2011年3月22日火曜日

翻訳で失われるもの

翻訳版を読むことのメリット

(1) 効率的
(2) 知らない言語で書かれたものも読めるようになる

原書を読むことのメリット

(1) 翻訳によって失われるものまで読み取れる
(2) より多くのコンテンツにアクセスできる

以上の理由から適度に翻訳版と原書を交えながら読書をしているのだが、翻訳版を読んでいるとやっぱり翻訳で失われるものが多いことをいつも残念に思う。これはある程度翻訳家の実力にも関係がある問題だが、小説をまるごと別の言語に変えるときに膨大な量の語感、文体、文化的表現を全て生かすことはまず無理なので、翻訳で原作の世界を再現することには限界がある。それに、翻訳することで読みづらくないようにスムーズに仕上げることも翻訳のスキルとして大事にされており、原文が持つ意味を保存することよりも、読者の可読性を大事にするため、ある程度原書の雰囲気を害することがあっても翻訳版の読みやすさを優先する場合が多い。

たとえば、『星を継ぐもの』というタイトル。原題は『Inherit the stars』である。

一つ目に失われているのはInherit the stars. 複数の星ということが伝わっていない。

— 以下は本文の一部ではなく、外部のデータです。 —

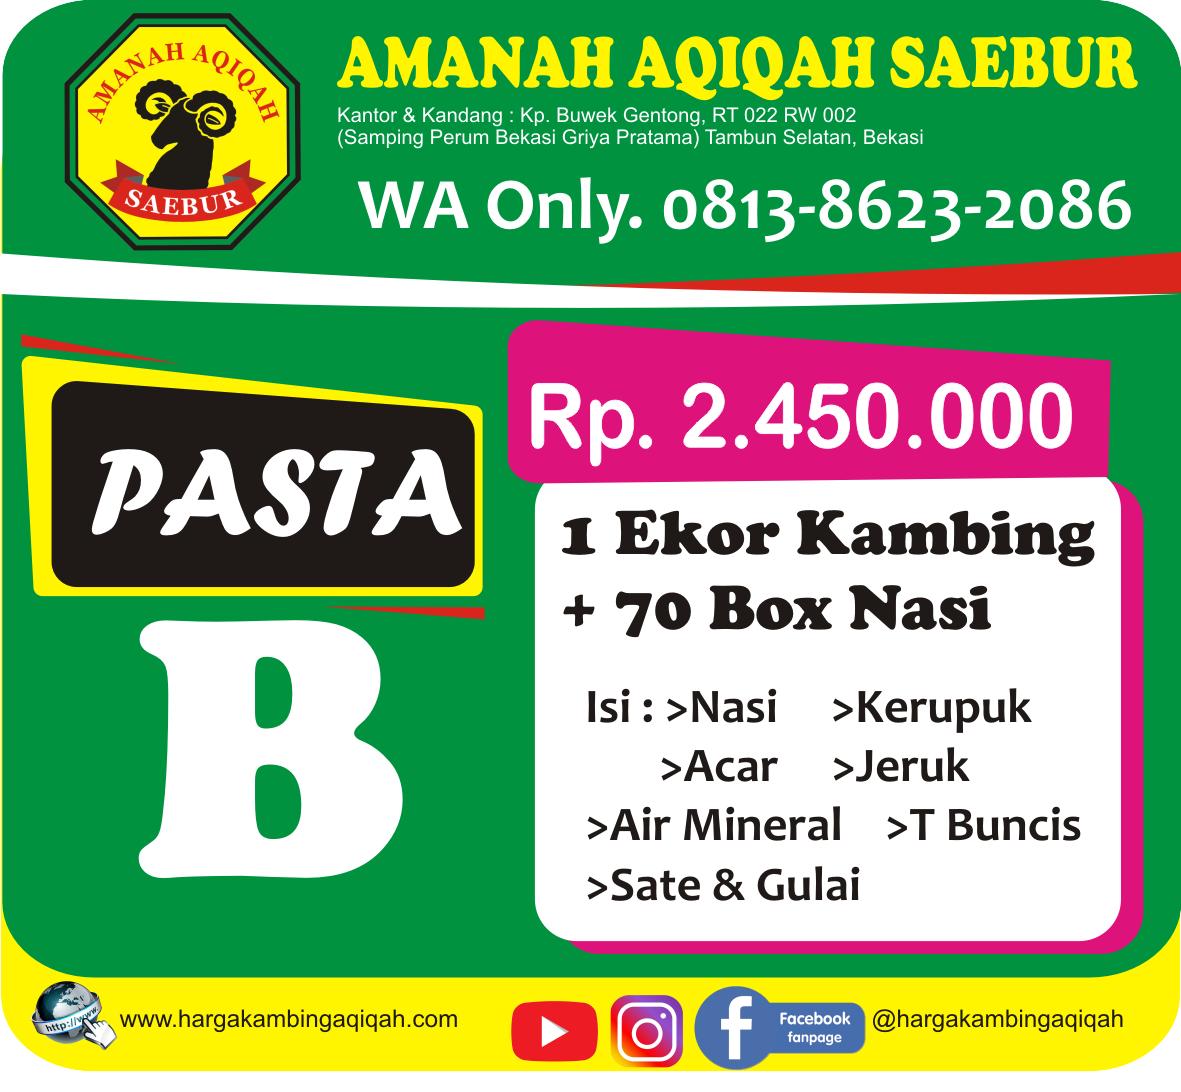 aqiqah anak laki, aqiqah anak laki laki, aqiqah anak perempuan, aqiqah murah Bekasi, harga aqiqah di Bekasi, harga aqiqah di Jakarta, harga kambing aqiqah

「星」とはどこの星を言っているんだろう、と考えながら読んだけど、結局元々のタイトルは物語りに出てくる星たちすべてを指している。日本語訳だと、星がひとつしかなくその星を継ぐイメージだが、オリジナルだと複数の星があってそれらを継ぐことで立体的な関係が描かれるところまで想像できるのだ。この違いは大きい。

二つ目に失われているのは緊迫感。英語のタイトルがInherit the stars、と「星を継げ」あるいは「星を継ぐ」という感じ。なんだかの指令のような緊張感も感じるのだが、日本語のタイトルでは「継ぐもの」と訳すことで、客観視してしまっている。また、英語だと星を継ぐ行為(動詞)に焦点があてたれているが、日本語だと星を継ぐもの(名詞)が強調されていて、誰が星を継ぐか?に重点が置かれているように感じる。

たったの3 wordの翻訳にもこんなに失われるものが多い。小説をまるごと翻訳するとなるととんでもない量の情報が失われたり変形されるはず。個人的には可読性を少し犠牲にしてももっと直訳に近い翻訳をして、訳者注をたくさんつけるスタイルの翻訳もあって良いと思う。

---
このブログは本ブログです。
海外文学についてよく書きます。
参考になったらぜひぽちっとお願いします。

2 件のコメント:

  1. 汗(はん)2012年7月4日 20:23

    すぐいじける女の子さん、こんにちは。汗(はん)と申します。
     『星を継ぐもの』の翻訳で気になるところがあったので調べていたら、こちらにたどり着きました。気になっていたことはわからずじまいですが、タイトルは「星を継げ」だったんですね。
     そちらの足元にはおよびませんが、私も時々小説や映画の英語について考えて書くことがありますので、すぐいじける女の子さんの記事、興味ぶかいです。ぼちぼち読ませていただきます。
     なお、「翻訳で失われるもの」の記事に、うちの7月2日の記事からリンクを張りました。事後ながら報告いたします。よろしくお願いします。

    >http://han-nikki.cocolog-nifty.com/blog/2012/07/post-85be.html
    >http://homepage1.nifty.com/beHungry/index.html(の「不定期日記」)

    返信削除
    返信
    1. こんにちは、すぐいじける女の子です。とても遅くなりましたが、コメントも関連記事もありがとうございます。こうやって同じことに興味を持った方に訪問していただいて、ご意見いただいたりすることは大変うれしいことです。

      『星を継ぐもの』についてのこの記事を書いたごろは、色んな分野の和訳に対して、本当に不満たらたらでした。私は特にドラマが好きなので、好んで見るのですが、あまりにもひどい和訳にうんざりしていたのです。でも今は自分で映像翻訳の勉強などやってみたり、趣味で翻訳してみたりして、翻訳というのはとても難しいことということがよくわかりましたし、英語の知識がほとんどない読者のこともちゃんと考えながらできるだけ正しい翻訳をすることは至難の技というのがわかったので、前ほどバシバシ翻訳のダメだしはやらなくなりました。

      色んな人をターゲットとした出版物や映像であればある程度原文が犠牲になってしまうことは仕方ないことだと思いますが、もっと元の意味のことや、その意味に絡んだ背景のことを知りたい人々のために(正しく汗さんのような方々のためです)、自分のブログでだけ細々頑張ってみようと思ってます。

      これからもぜひ遊びにいらして、なにかあればコメントください。汗さんのブログも本や映画の話など興味深い記事が多いので、読ませていただきたいと思います。よろしくお願いします。